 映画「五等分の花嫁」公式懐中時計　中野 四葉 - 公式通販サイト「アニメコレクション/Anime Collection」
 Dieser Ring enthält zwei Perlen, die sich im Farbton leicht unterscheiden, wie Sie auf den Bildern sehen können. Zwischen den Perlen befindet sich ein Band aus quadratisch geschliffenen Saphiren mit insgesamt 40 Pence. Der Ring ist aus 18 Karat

---

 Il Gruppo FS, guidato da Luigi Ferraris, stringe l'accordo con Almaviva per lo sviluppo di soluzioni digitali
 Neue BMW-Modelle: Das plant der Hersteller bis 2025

...

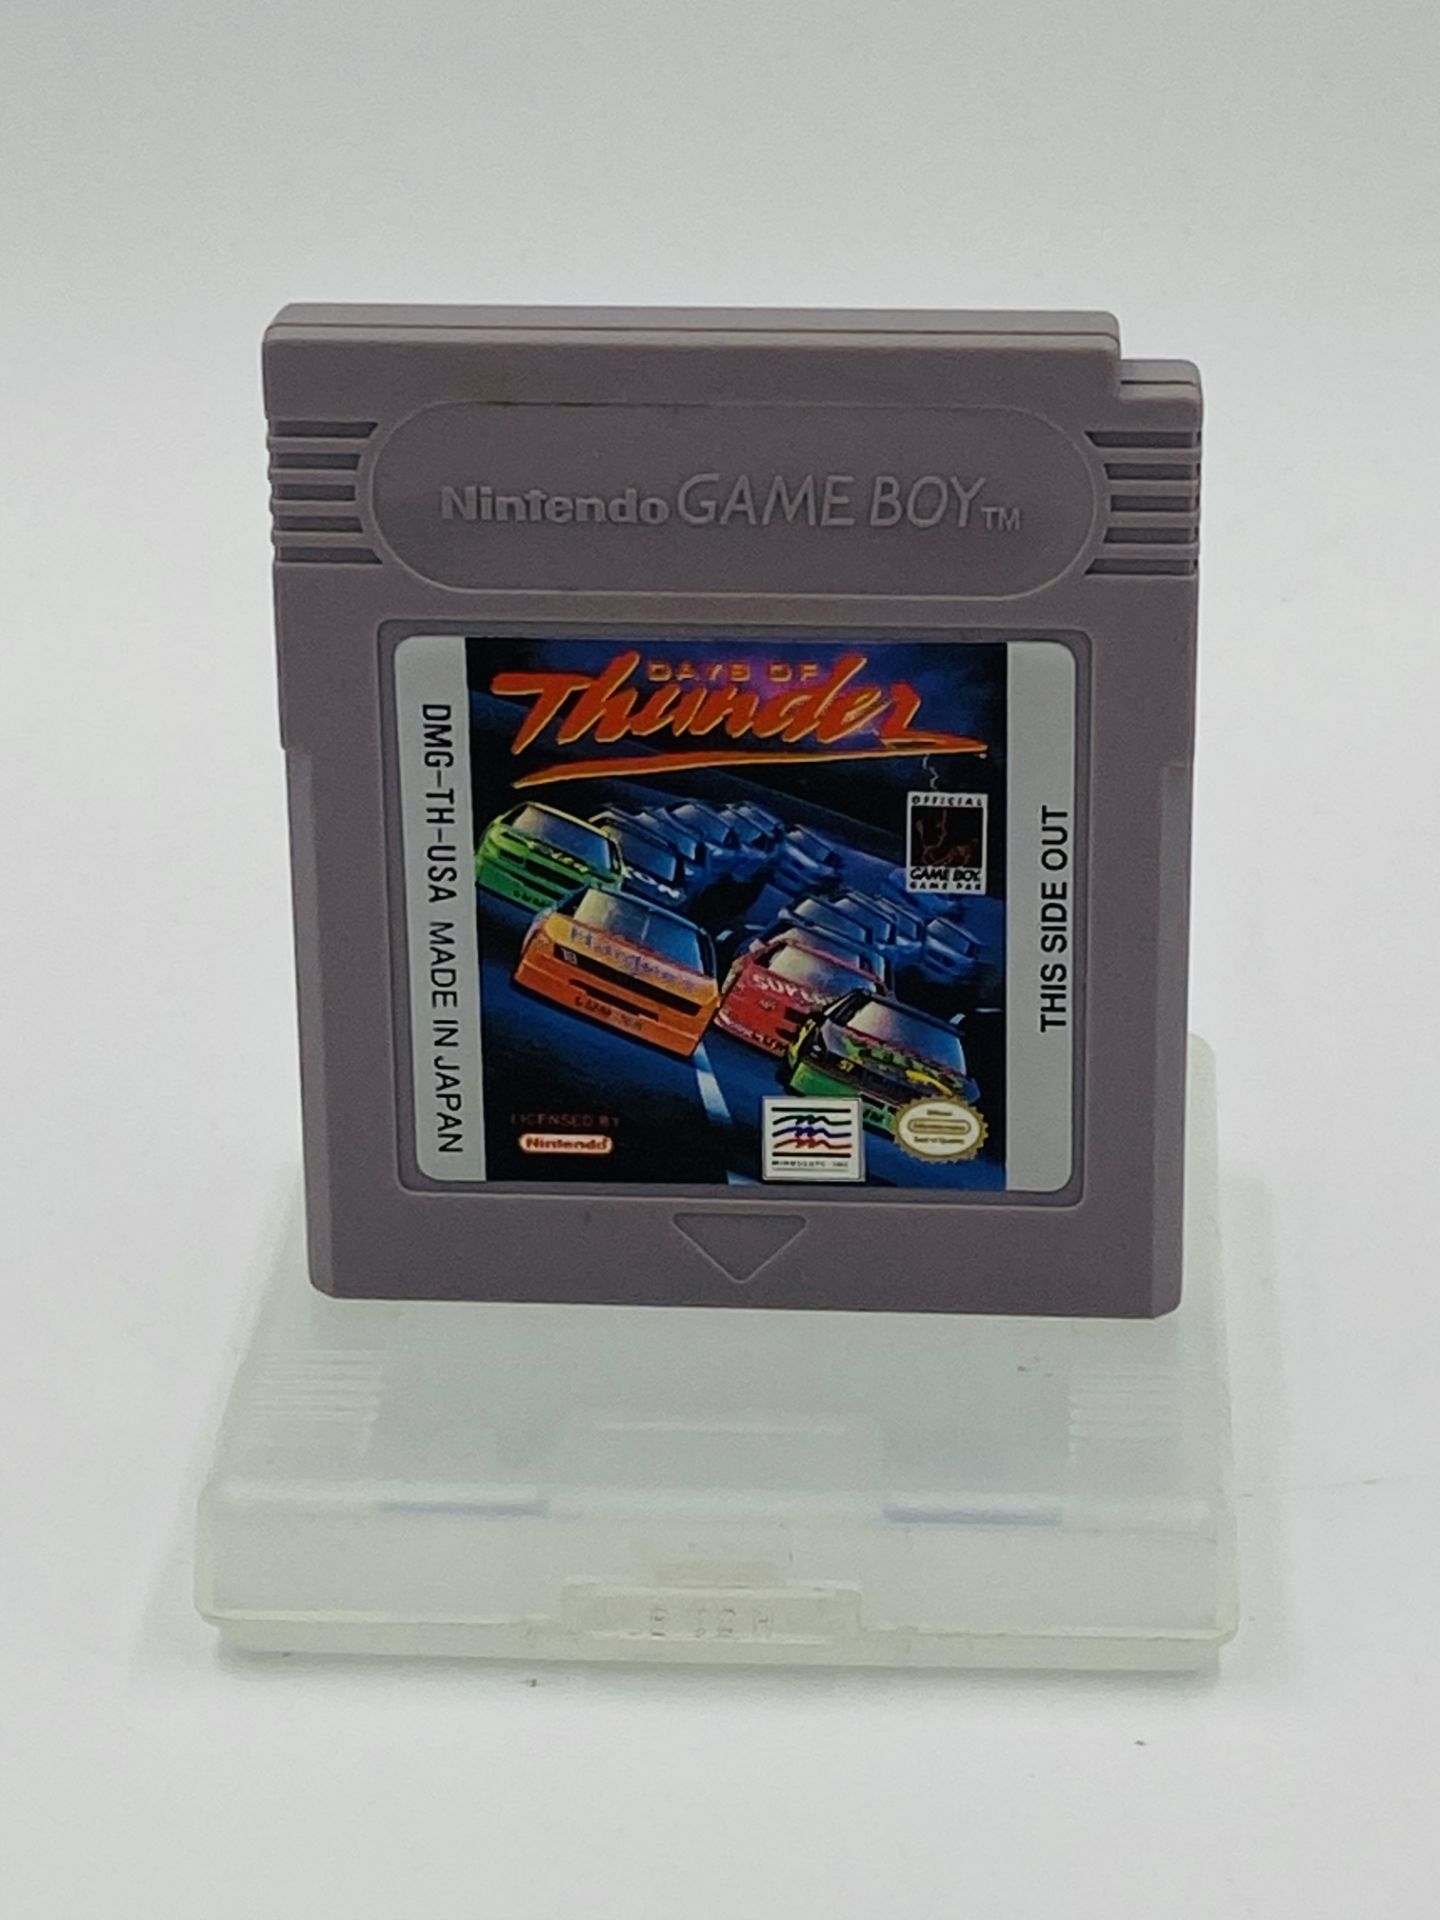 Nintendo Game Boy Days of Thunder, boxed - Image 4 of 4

Problem requirements » Could you return exactly the lines above from the line with "Il Gruppo FS, guidato" to the line with "Neue BMW-Modelle: Das", both included, and nothing else?

Written reply »
 Il Gruppo FS, guidato da Luigi Ferraris, stringe l'accordo con Almaviva per lo sviluppo di soluzioni digitali
 Neue BMW-Modelle: Das plant der Hersteller bis 2025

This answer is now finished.